The receiving party must promptly take all steps that the Discloser may reasonably require and must cooperate with any investigation, litigation or other action of the Discloser in respect of any breach or threatened breach of confidentiality obligations or any theft, loss, damage or unauthorised access, use or disclosure of or to any Confidential Information.

12. Liability and Indemnity

12.1 Mutual Liability Cap

Subject to clause 12.5, the total aggregate liability of each party arising out of or in connection with this Agreement, whether in contract, tort (including negligence), statute, or otherwise, shall not exceed the Liability Cap.

12.2 Exclusion of Consequential Loss

Subject to clause 12.5, neither party shall be liable to the other for any indirect, incidental, special, or consequential damages, or for loss of profits, goodwill, bargain, opportunity, loss of anticipated savings, or loss or corruption of data, arising out of or in connection with this Agreement, whether based on warranty, contract, tort, negligence, in equity or any other legal theory, and whether or not the party knew or should have known of the possibility of such damages.

12.3 User Indemnity

The User agrees to indemnify and hold harmless the Company and its officers, directors, and employees from and against any loss, damage, cost or expense (including reasonable legal fees) that the Company may suffer or incur as a result of or in connection with:

  1. the User's breach of these Terms of Service or the Acceptable Use Policy;

  2. the User's negligent or wrongful use of Aplas; or

  3. any third-party claim arising from Customer Data or the User's use of Aplas.

12.4 Company Indemnity

The Company agrees to indemnify and hold harmless the Customer and its officers, directors, and employees from and against any loss, damage, cost or expense (including reasonable legal fees) that the Customer may suffer or incur as a result of:

  1. any third-party claim that the Customer's use of Aplas (as permitted under this Agreement) infringes the Intellectual Property Rights of a third party;

  2. the Company's material breach of its data protection obligations under clause 6 or the DPA; or

  3. the Company's gross negligence or wilful misconduct.

12.5 Uncapped Liabilities

Nothing in this Agreement excludes or limits the liability of either party for:

  1. death or personal injury caused by negligence;

  2. fraud or fraudulent misrepresentation;

  3. a party's indemnification obligations under clauses 12.3 and 12.4;

  4. a party's breach of its confidentiality obligations under clause 11;

  5. a party's breach of its data protection obligations under clause 6; or

  6. any liability that cannot be excluded or limited under applicable law, including the Competition and Consumer Act 2010 (Cth).

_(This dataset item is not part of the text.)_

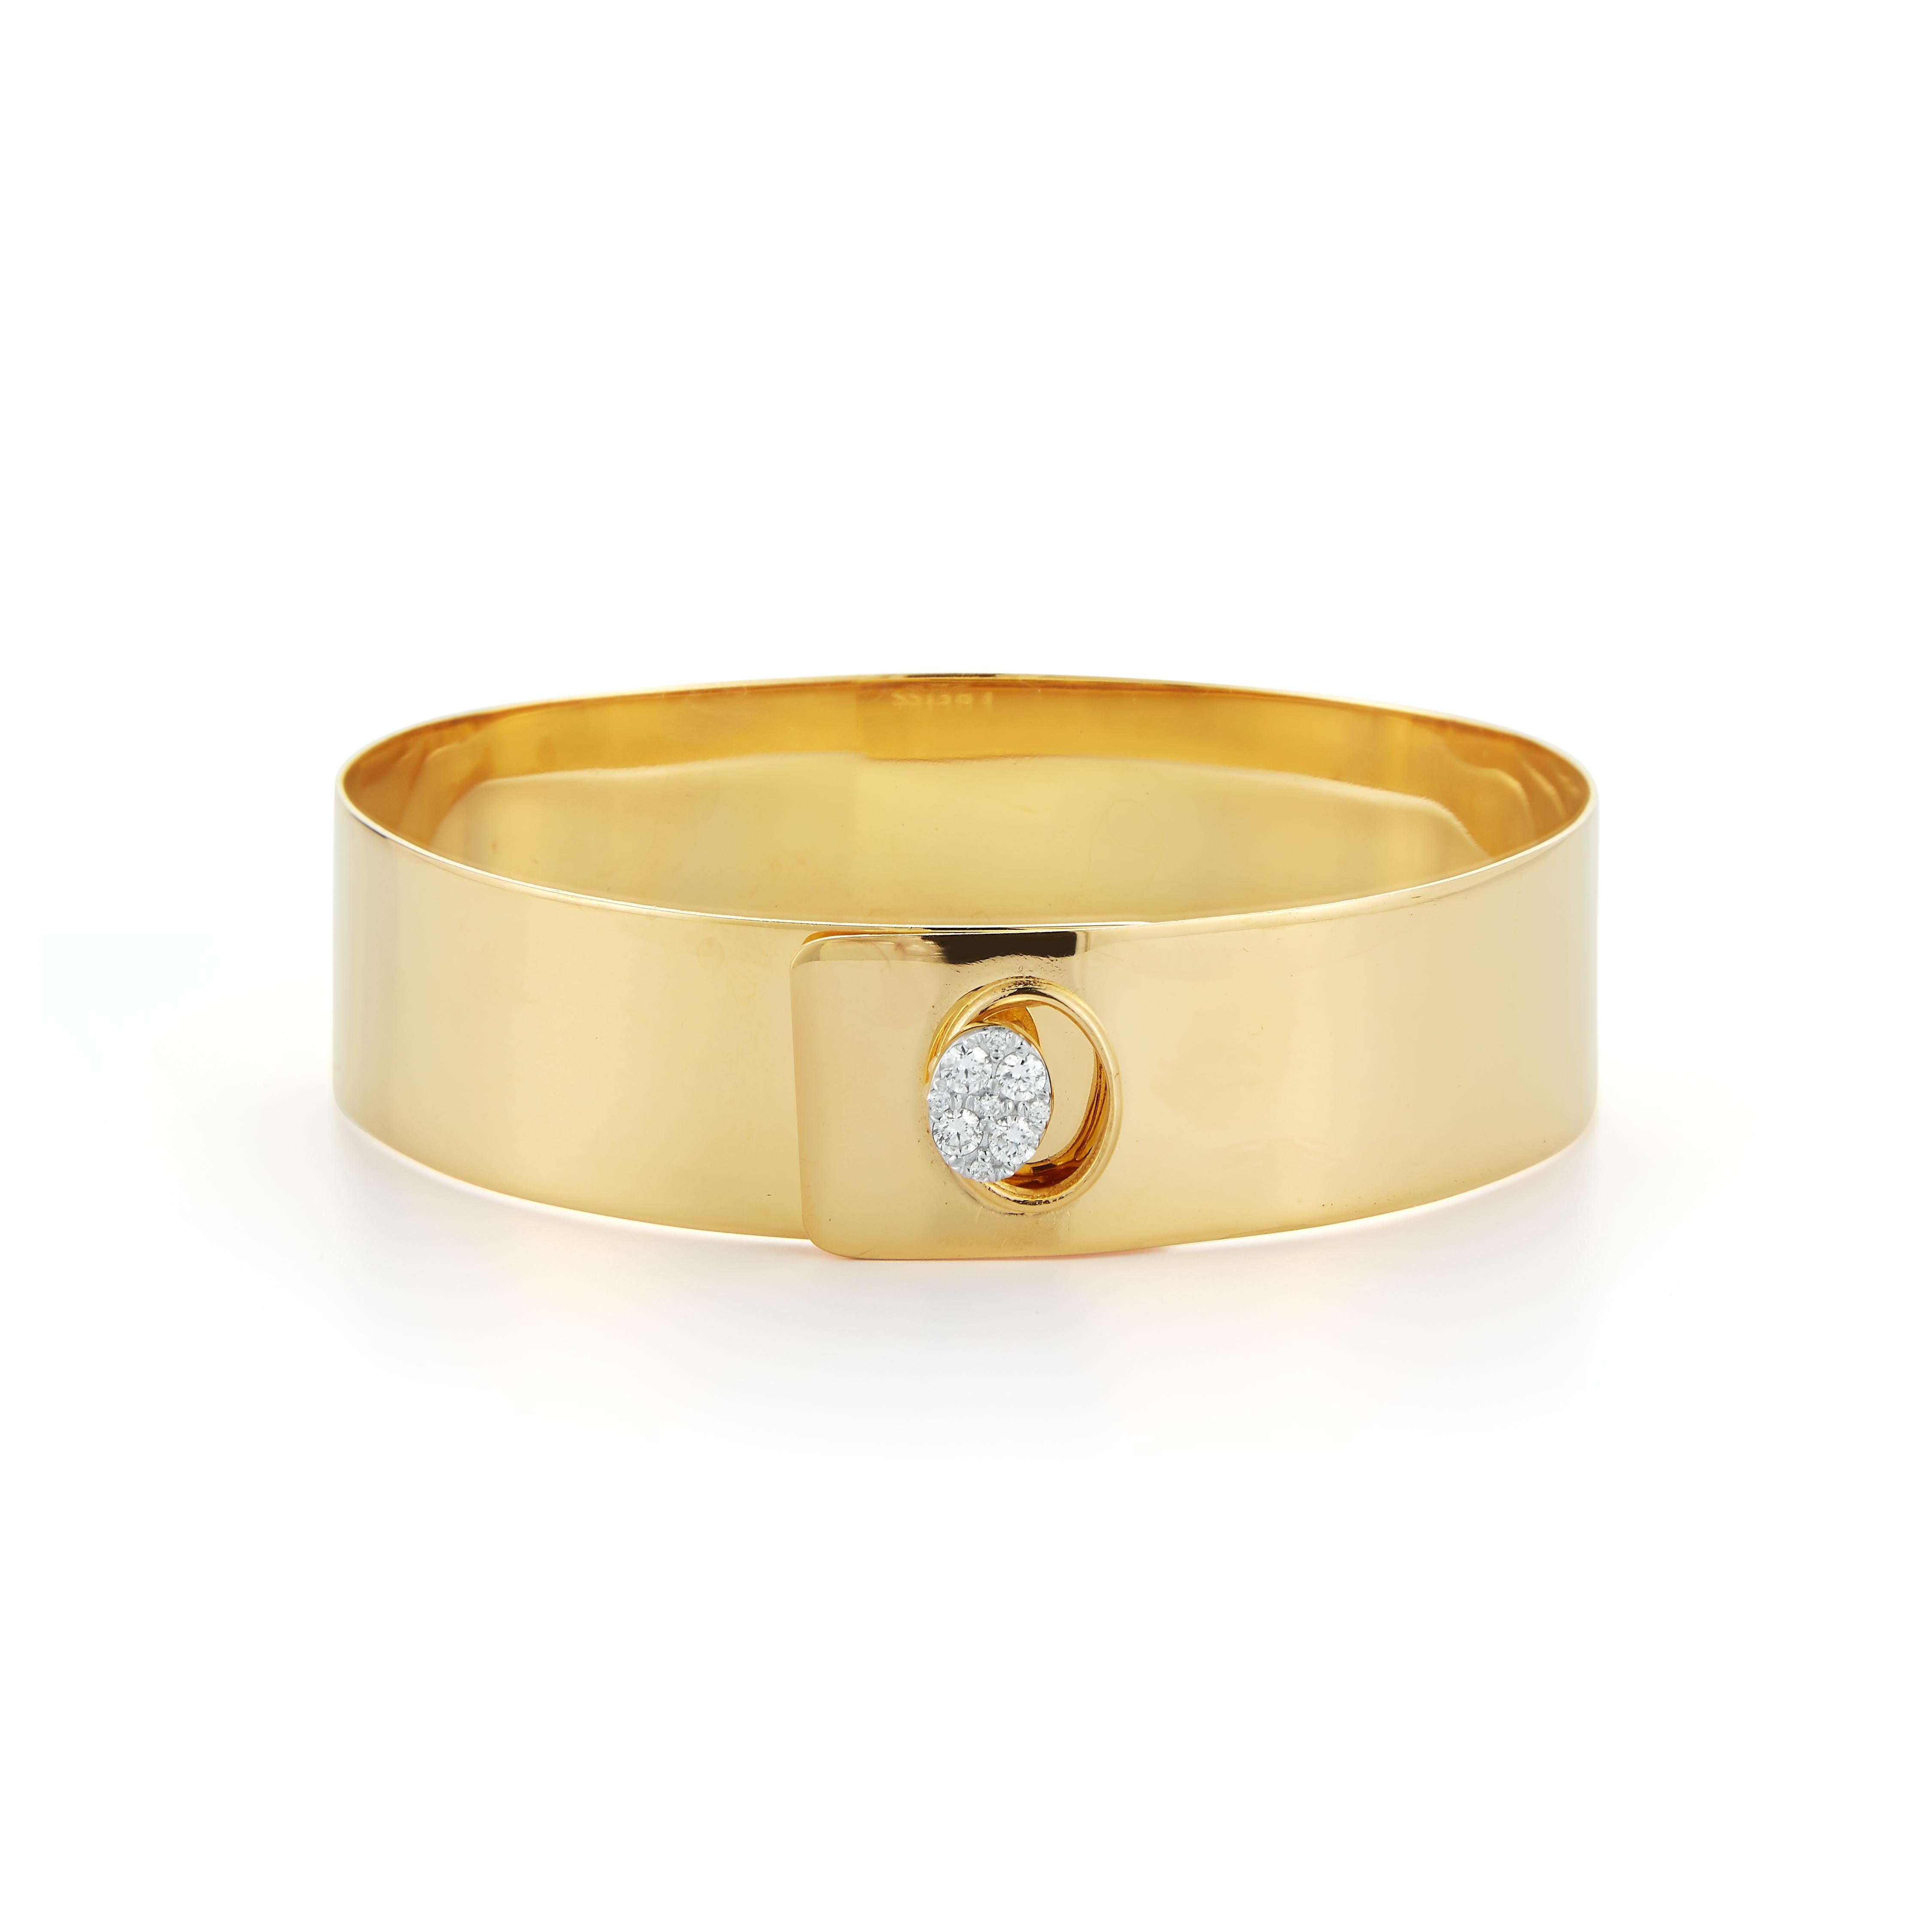 14 Karat Yellow Gold Hand-Crafted Polish-Finished Bangle Bracelet, Accented with 0.23 Carats of a Pave Set Diamond Button Designed with a Buckle Clasp.

12.6 Australian Consumer Law

Certain rights and remedies may be available under the Competition and Consumer Act 2010 (Cth) or similar legislation of other States or Territories and may not be permitted to be excluded, restricted or modified. Apart from those that cannot be excluded, the Company and the Company's related entities exclude all conditions and warranties that may be implied by law. To the extent permitted by law, the Company's liability for breach of any implied warranty or condition that cannot be excluded is restricted, at the Company's option, to the re-supply of services or payment of the cost of re-supply of services.

13. Termination

13.1 Termination for Convenience

The subscription term and billing frequency shall be as set out in the Commercial Terms or as selected by the Customer at the time of purchase (the Subscription Period). The following termination rules apply based on the applicable billing model:

13.1.1 Monthly Billing

Where the Customer is on a monthly billing plan, the Subscription Period renews automatically on a month-to-month basis. The Customer may cancel at any time via the account administration area within Aplas. The Company may terminate this Agreement for convenience at any time by giving the Customer written notice. Cancellation or termination takes effect at the end of the then-current monthly billing period, and the Customer's access to Aplas shall continue until that date. Fees already paid for the current monthly billing period are non-refundable except as provided in clause 7.3.

13.1.2 Annual Billing

Where the Customer is on an annual billing plan, the initial Subscription Period is 12 months from the commencement date (or as otherwise agreed in the Commercial Terms). Unless either party gives the other party written notice of non-renewal at least 30 days prior to the end of the then-current Subscription Period, this Agreement will automatically renew for successive 12-month periods. A notice of non-renewal takes effect at the end of the then-current Subscription Period, and the Customer's access to Aplas shall continue until that date. For the avoidance of doubt, neither party may terminate for convenience during an annual Subscription Period, and Fees paid for the current Subscription Period are non-refundable except as provided in clauses 7.3 and 13.2.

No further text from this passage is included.